§ **Provided records**:
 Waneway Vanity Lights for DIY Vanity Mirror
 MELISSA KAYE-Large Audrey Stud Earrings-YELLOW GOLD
---
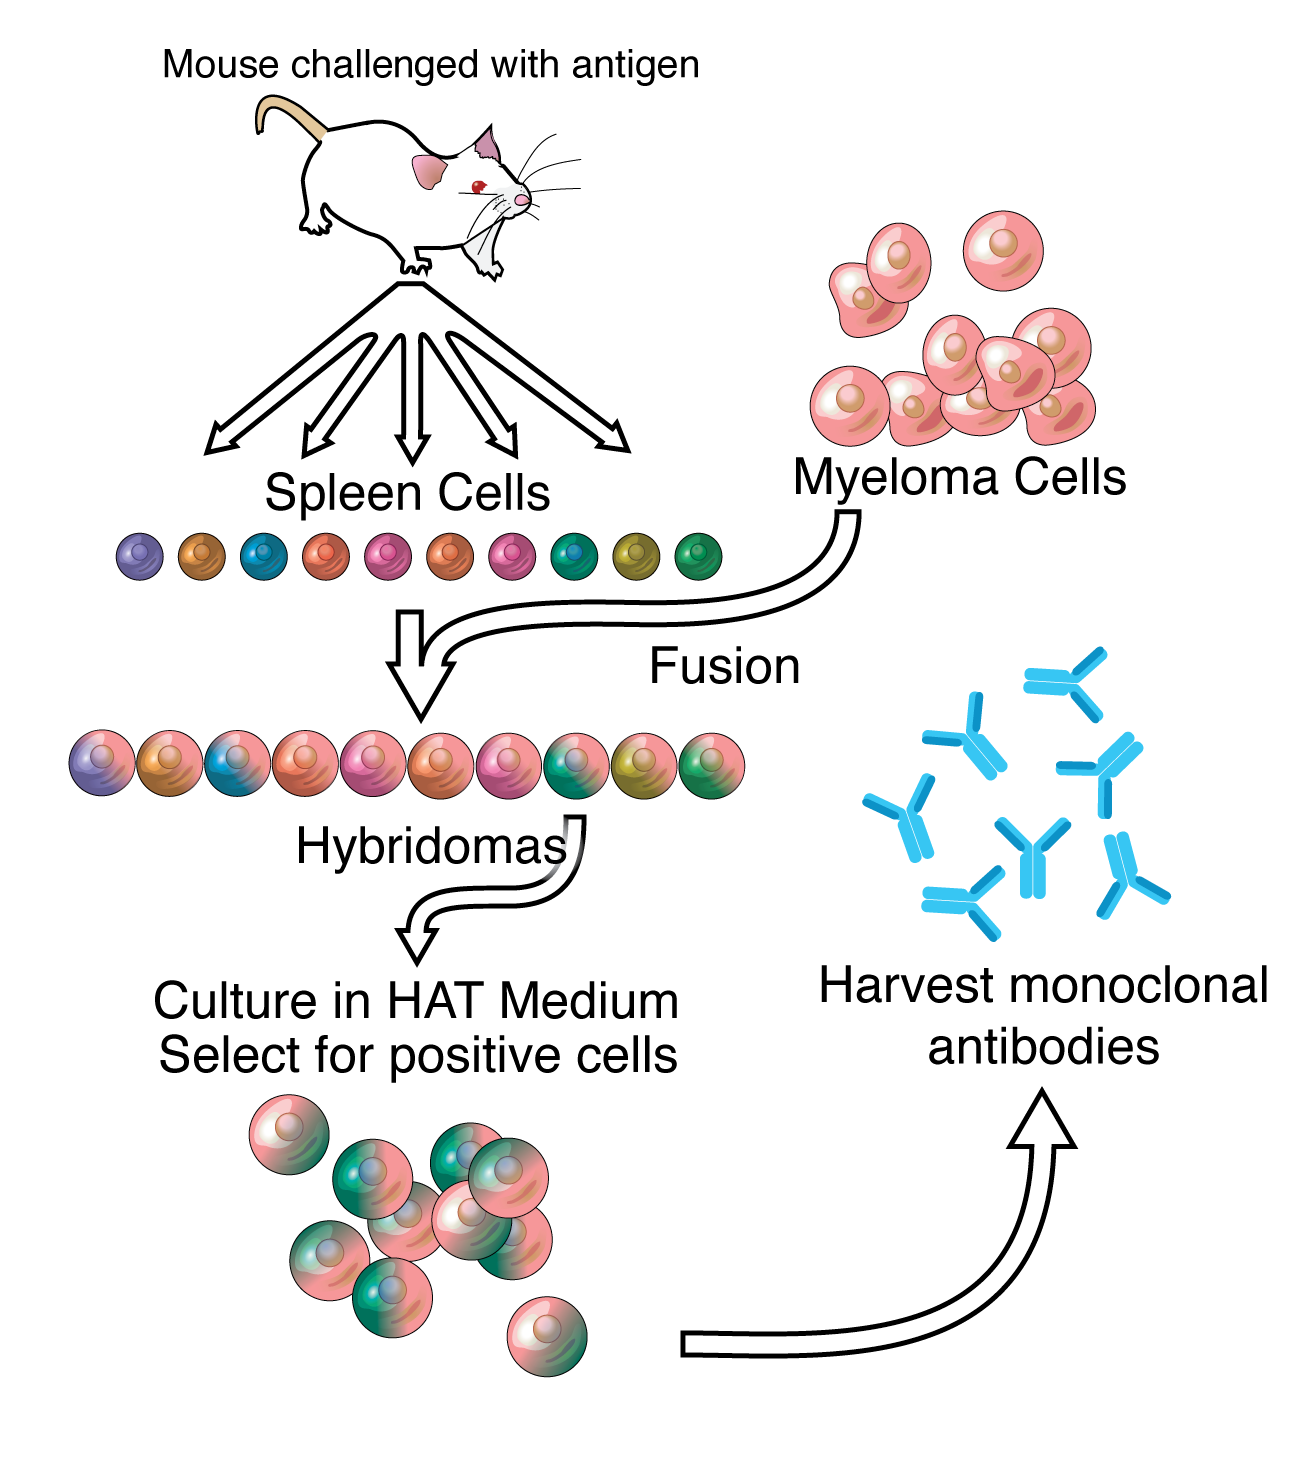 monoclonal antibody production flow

§ **Action item**: In the listing above, locate the line containing "Waneway Vanity Lights for DIY Vanity Mirror" and the line containing "MELISSA KAYE-Large Audrey", then transcribe both and every line between them verbatim.

§ **Exercise result**:
 Waneway Vanity Lights for DIY Vanity Mirror
 MELISSA KAYE-Large Audrey Stud Earrings-YELLOW GOLD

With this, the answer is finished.